Ben Silverman (born November 15, 1987) is a Canadian professional golfer who has played on the PGA Tour. In 2017 he won the Price Cutter Charity Championship.

Early and personal life
Silverman was born in Thornhill, Ontario, in Canada, to Howard and Maureen Silverman, and is Jewish. He played golf at Vaughan Secondary School in Vaughan, Ontario.

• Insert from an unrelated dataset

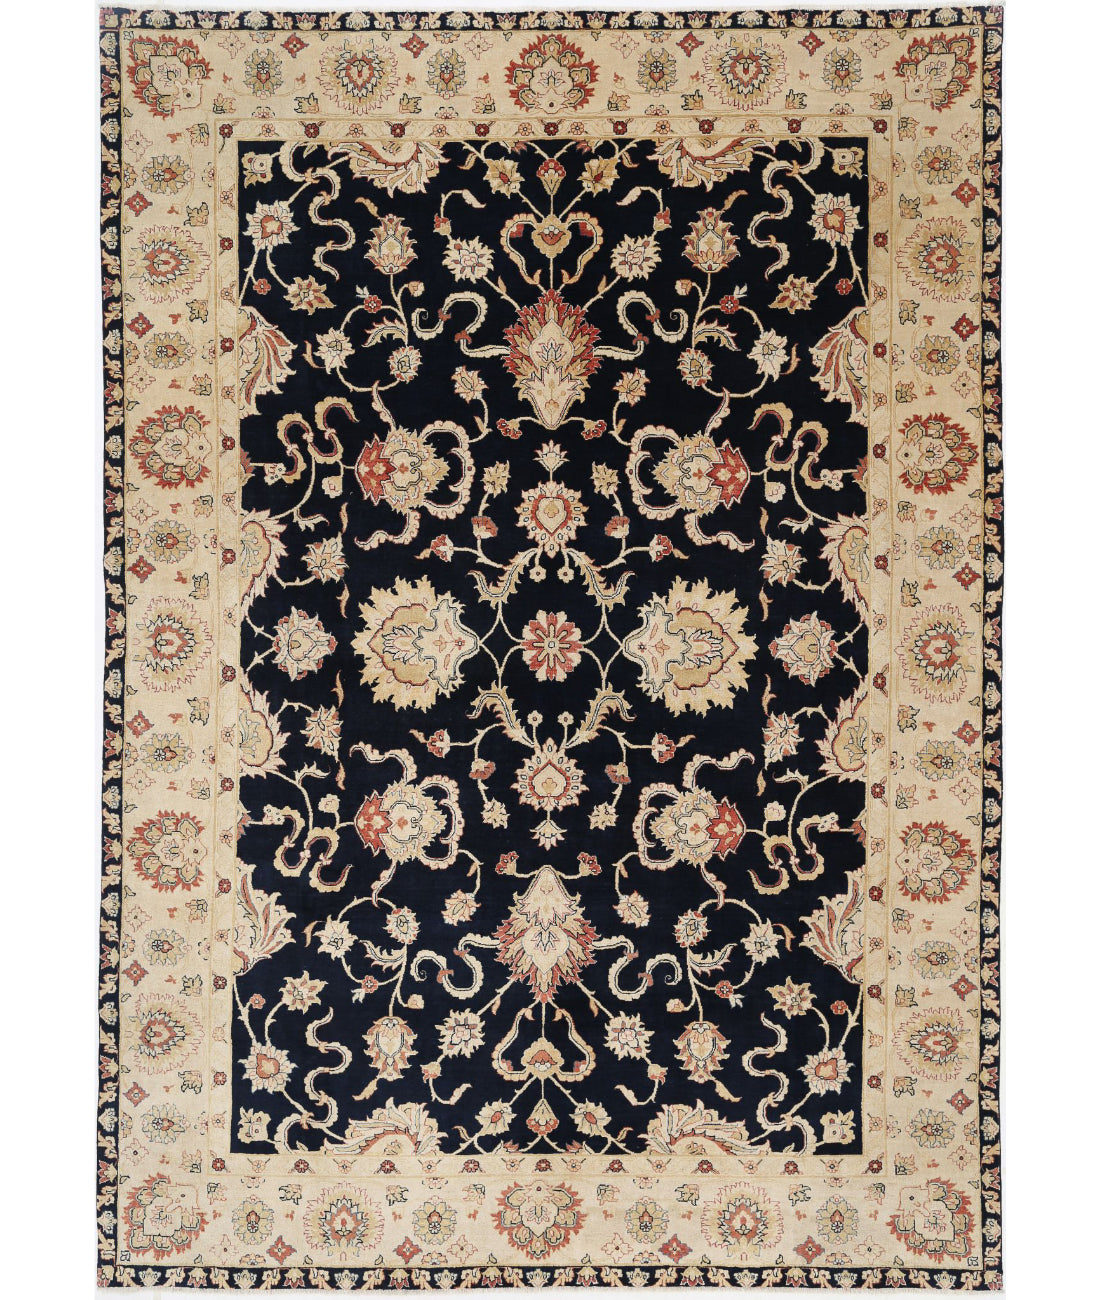 Ziegler 9'9'' X 13'10'' Hand-Knotted Wool Rug 9'9'' x 13'10'' (293 X 415) / Blue / Ivory

Silverman attended Johnson & Wales University in Florida for two years, and then Florida Atlantic University, where Silverman obtained a bachelor's degree in psychology in 2010. He was a walk-on on the golf teams of both schools.

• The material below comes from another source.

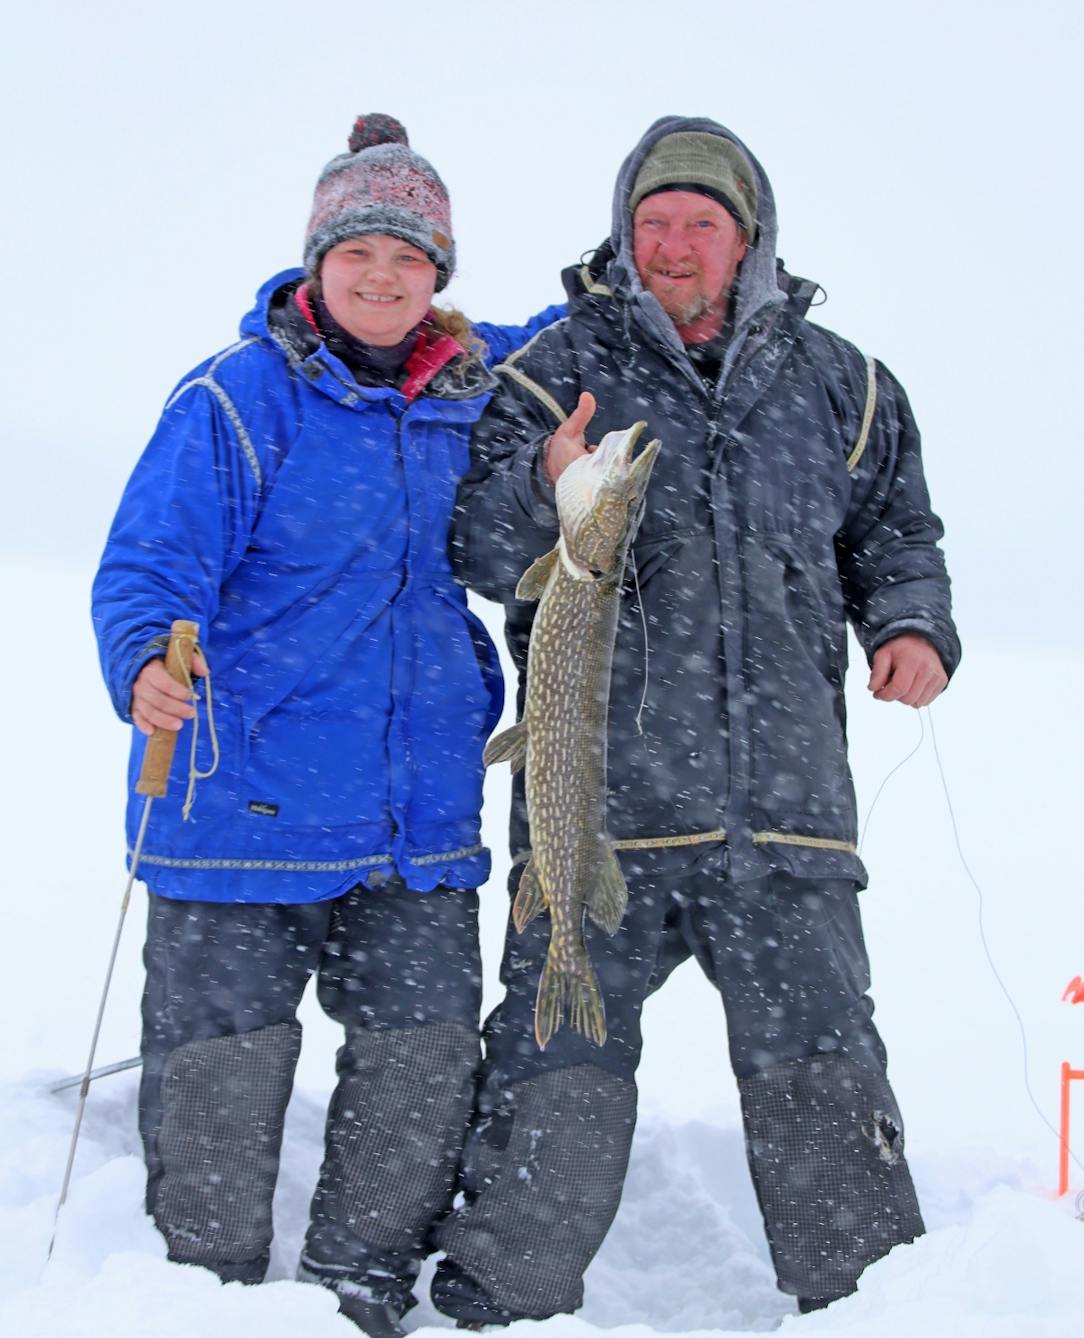 Dogs do the heavy lifting on anglers' BWCA deep-snow ventures

Silverman lives in West Palm Beach, Florida. He and his wife, Morgan, have one son.

Professional career
Silverman turned pro in 2010. He joined the PGA Tour Canada in 2014. In 2015, he qualified for the Web.com Tour for 2016 via the qualifying tournament, and in 2017 won the Price Cutter Charity Championship on his way to 10th place on the end of season money list to graduate to the elite PGA Tour for 2018.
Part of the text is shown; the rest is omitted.